● **Your goal**: Reproduce exactly the line with "Ponožky sportovní nízké" and every line that follows it below, up to and including the last one. Do not include pictures or anything else.

● **Data below**:
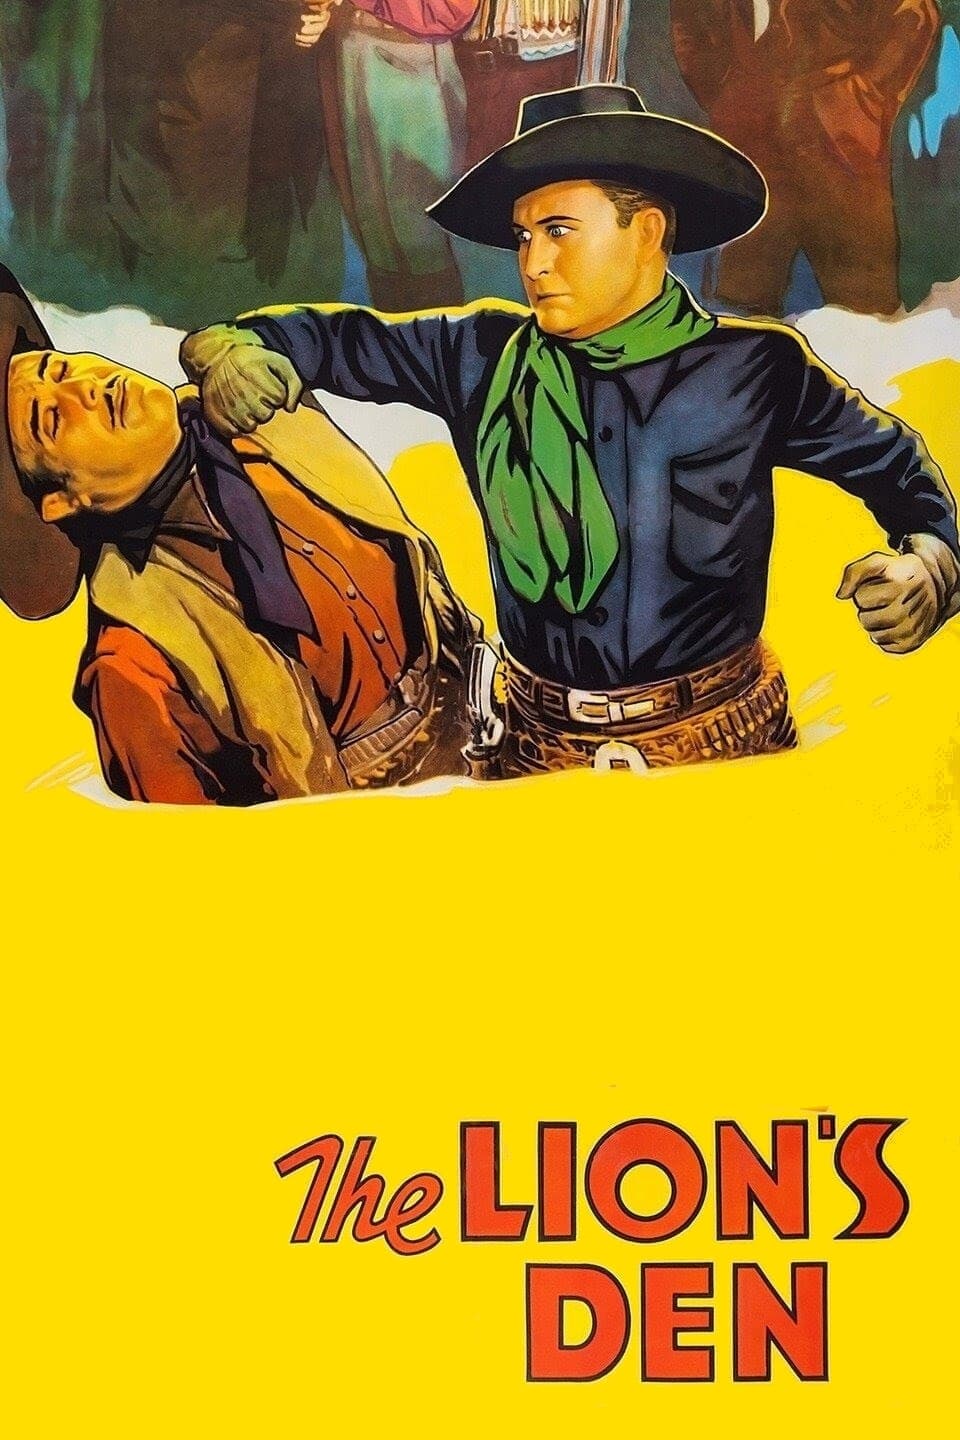 The Lion's Den (1936)
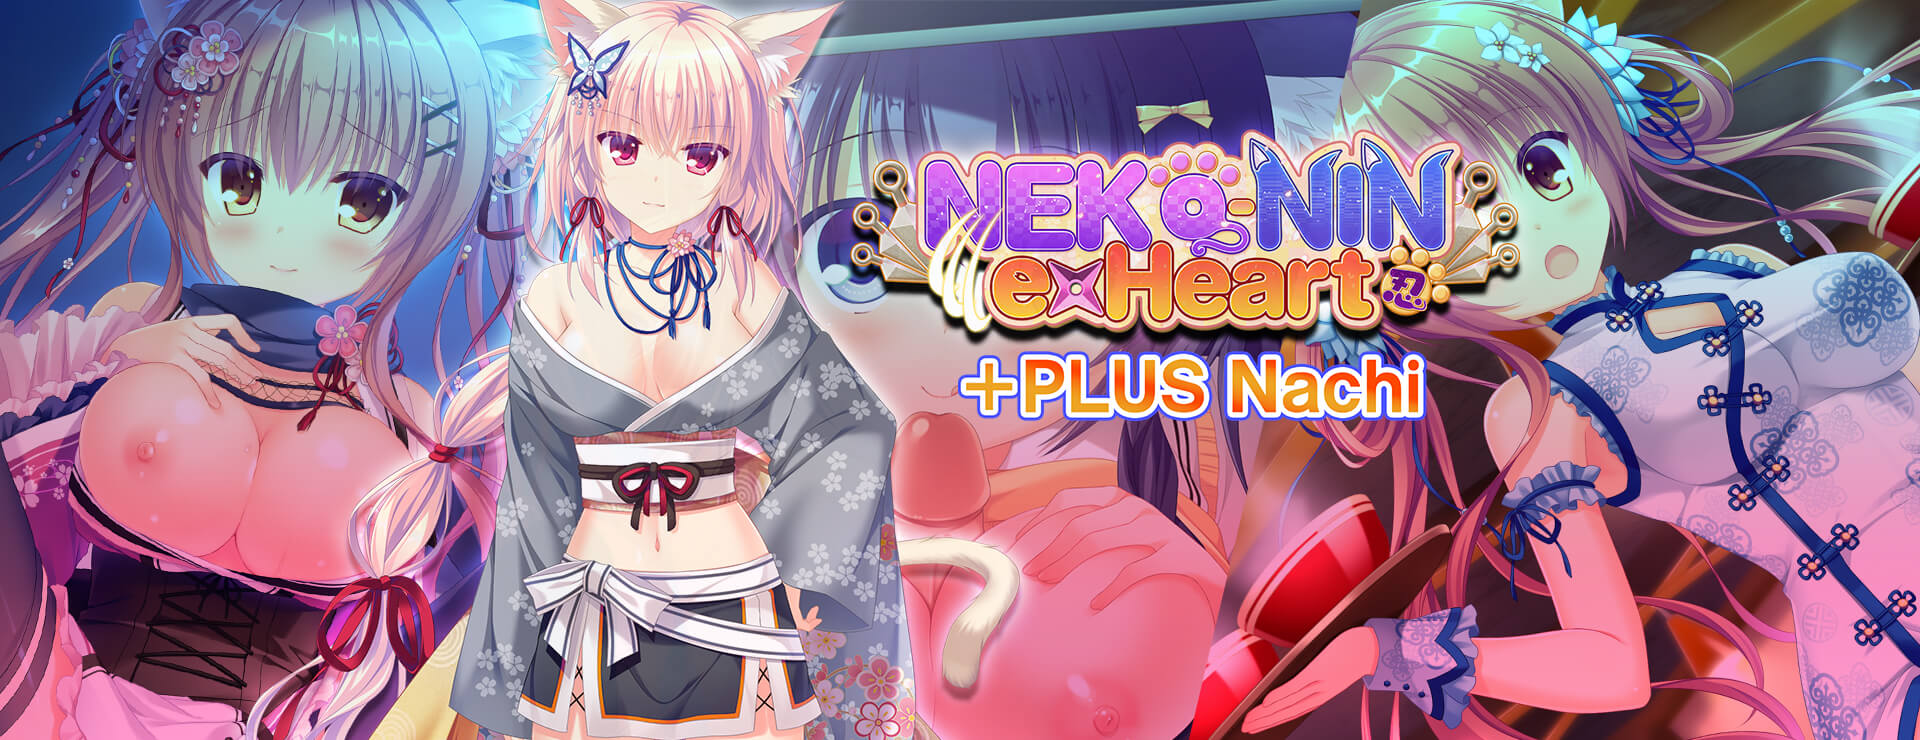 NEKO-NIN exHeart +PLUS Nachi (DLC Part 1) - Novela Visual Juego
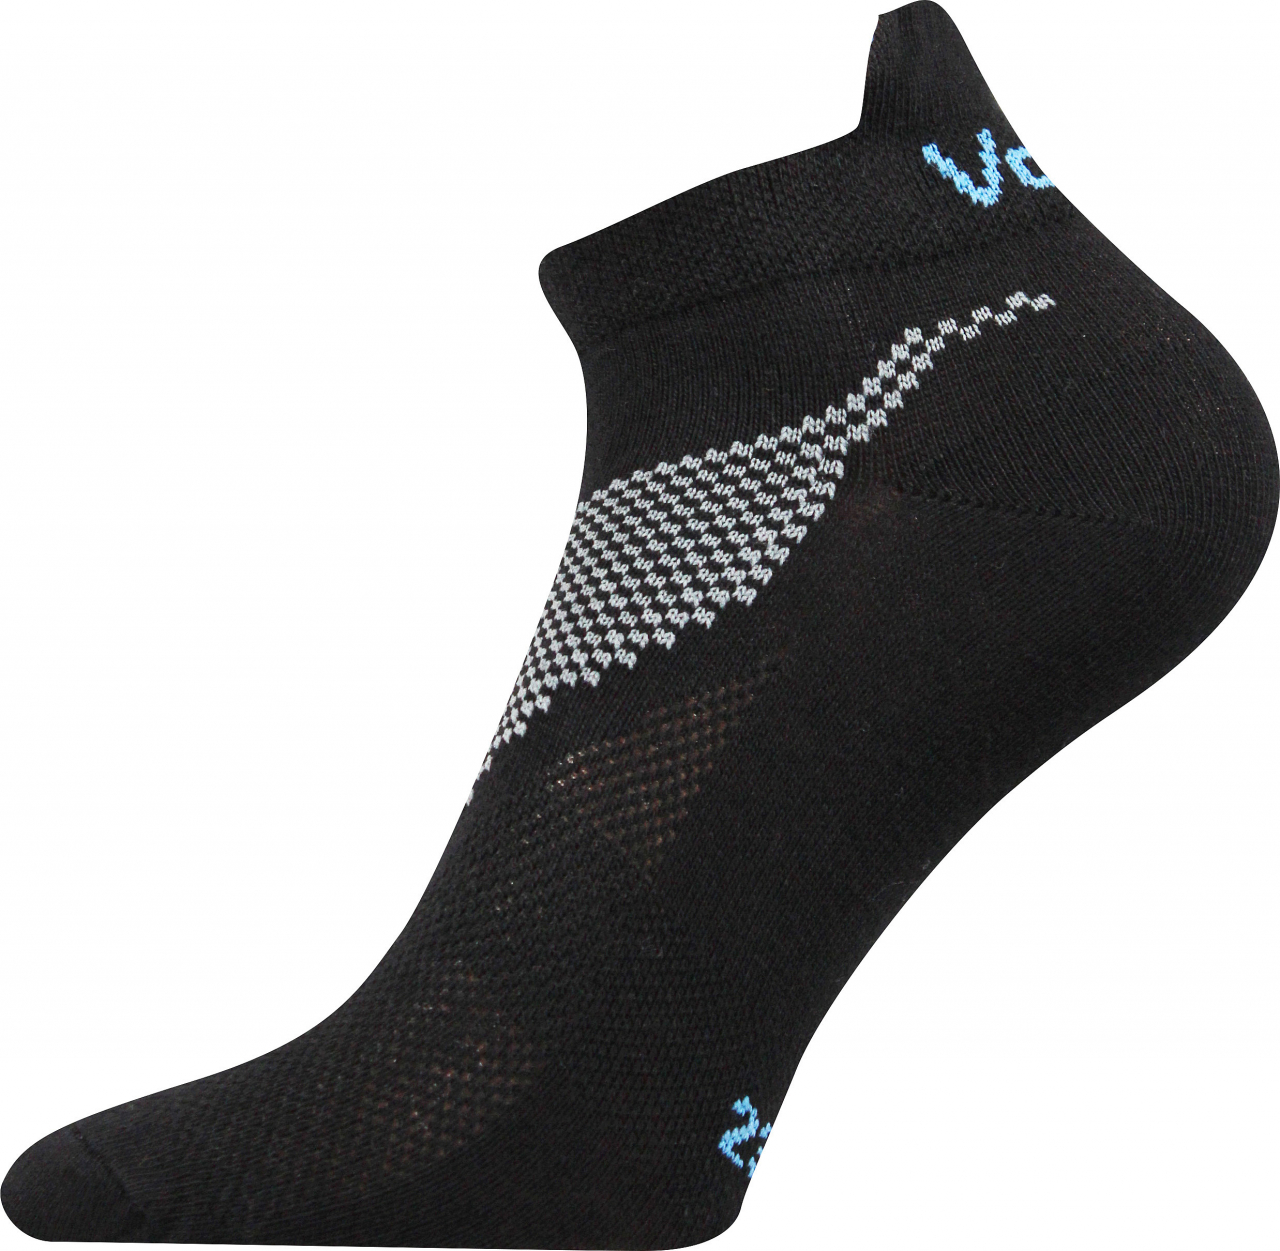 Ponožky sportovní nízké Voxx Iris - černé, 47-50
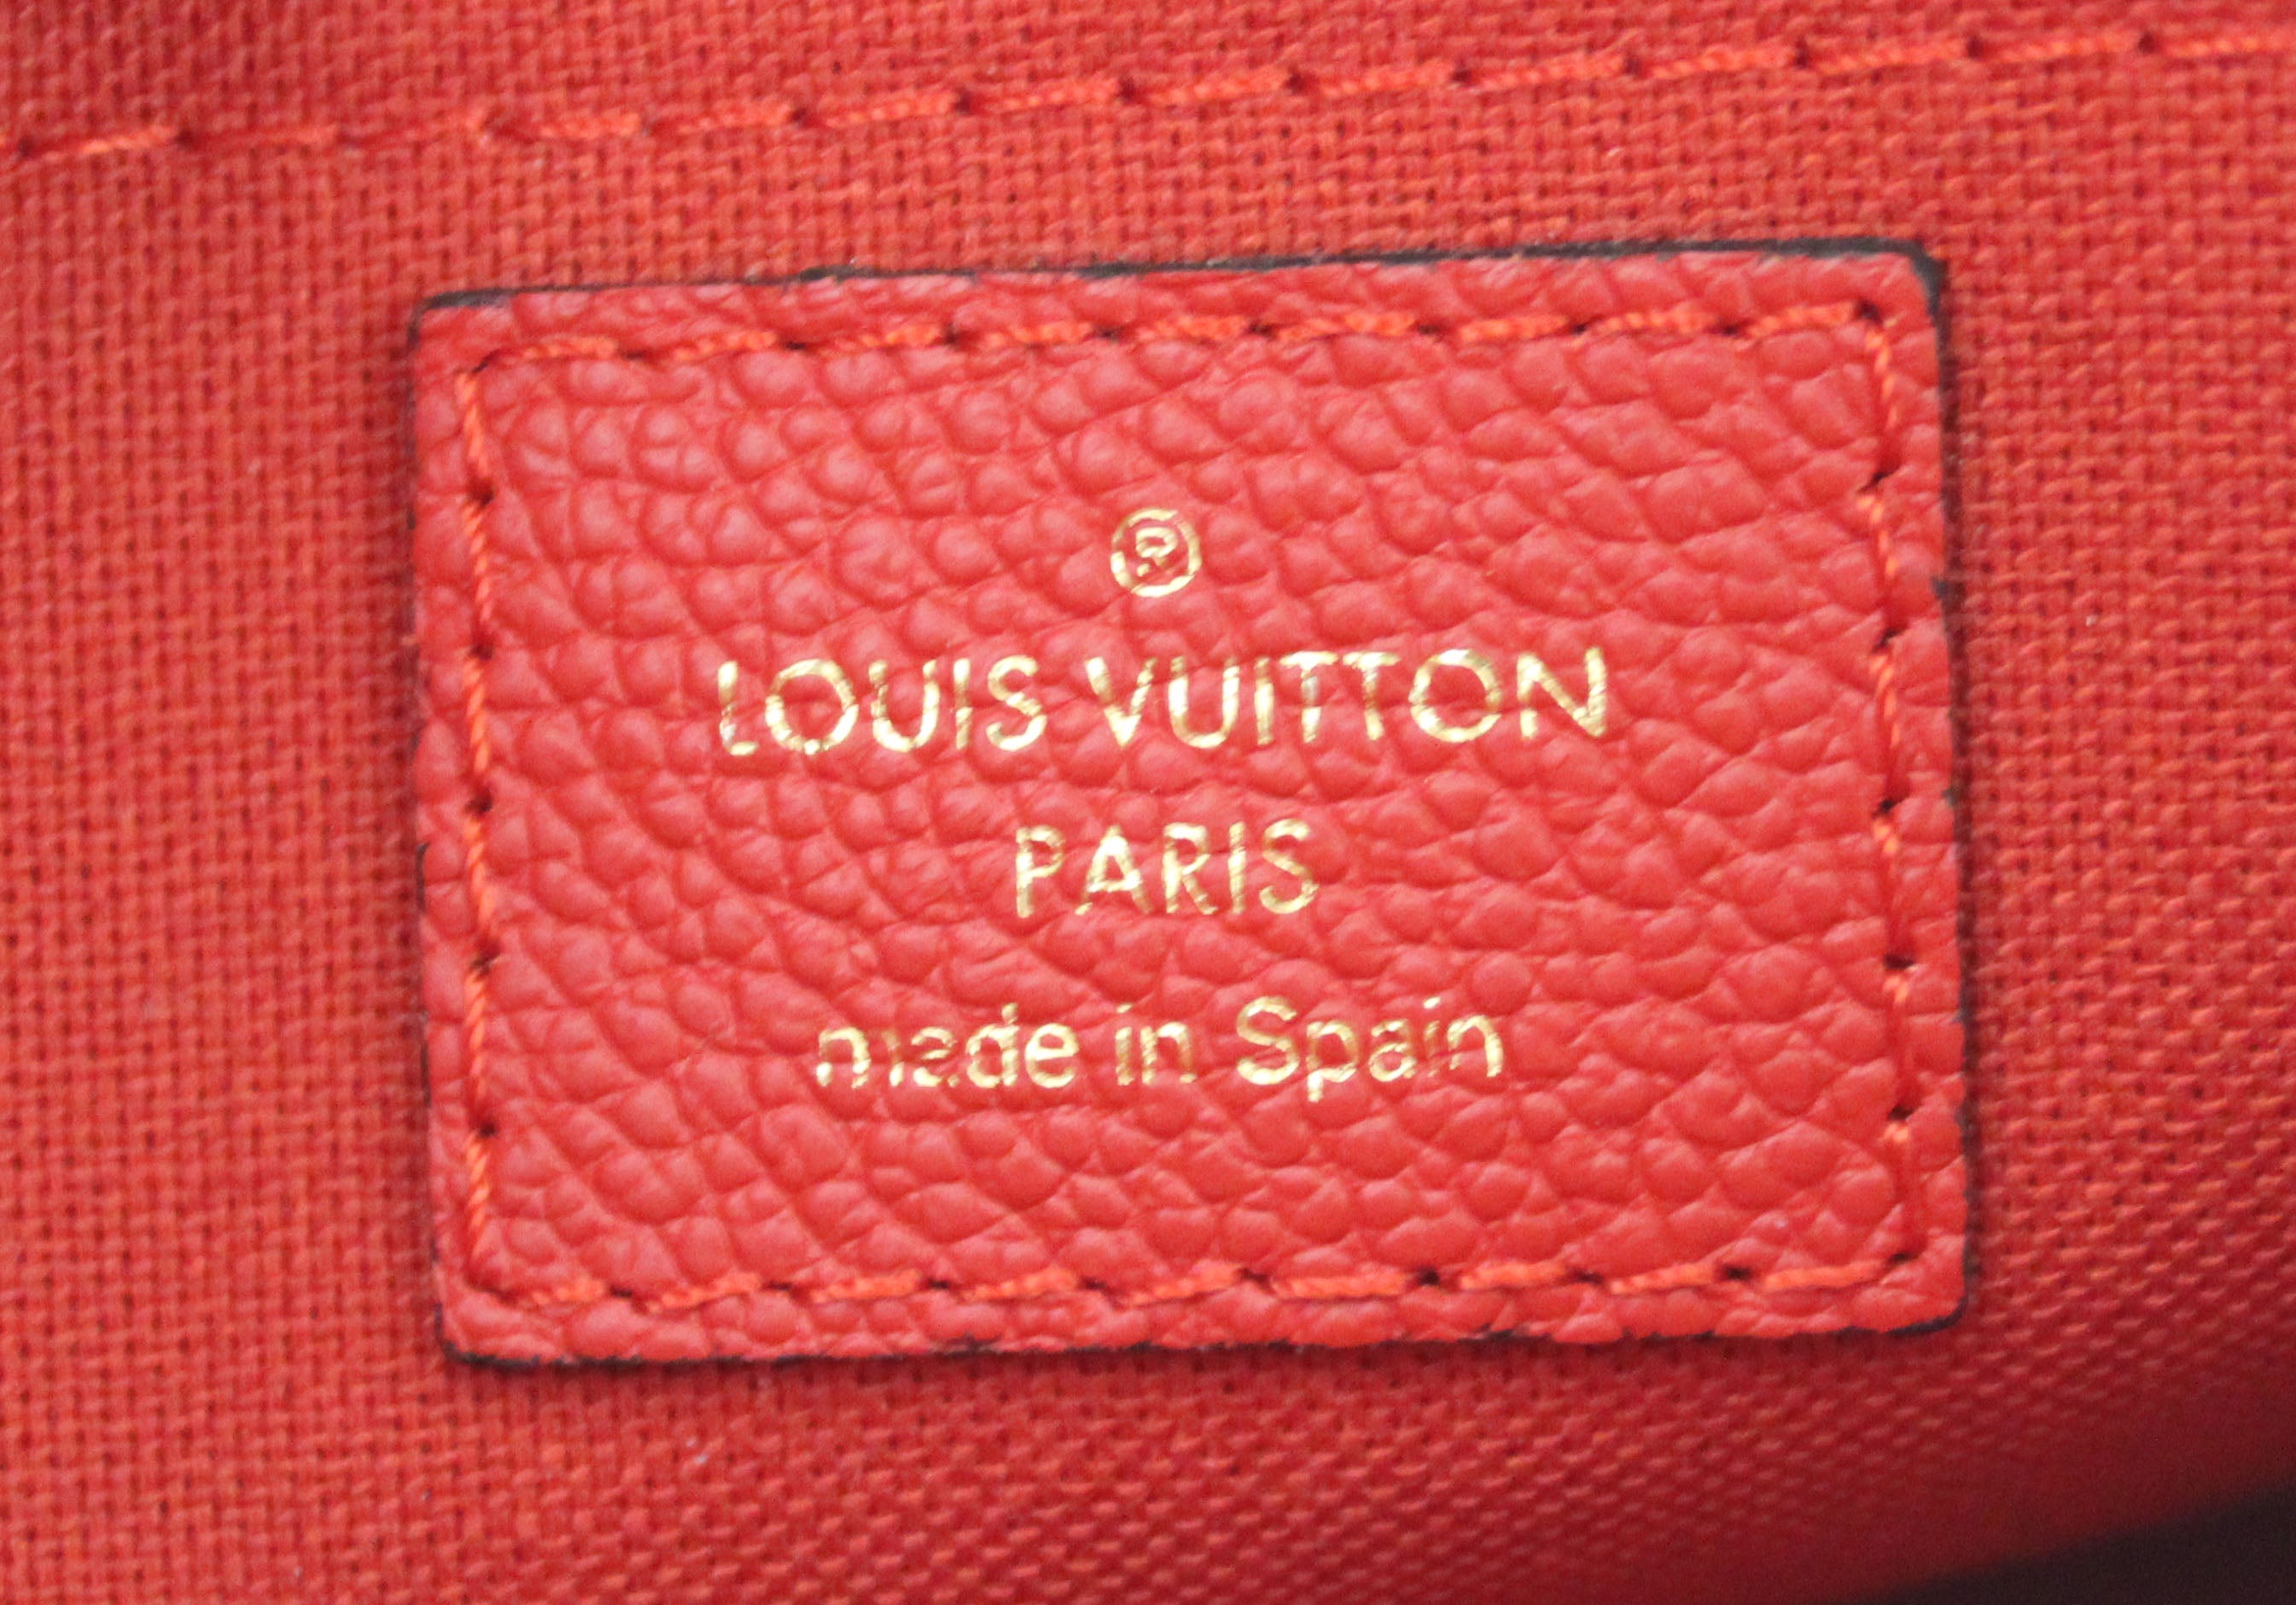 Louis Vuitton Red Monogram Canvas Pallas Clutch QJBCZC5VRB024

● **Solution to this exercise**:
 Ponožky sportovní nízké Voxx Iris - černé, 47-50
 Louis Vuitton Red Monogram Canvas Pallas Clutch QJBCZC5VRB024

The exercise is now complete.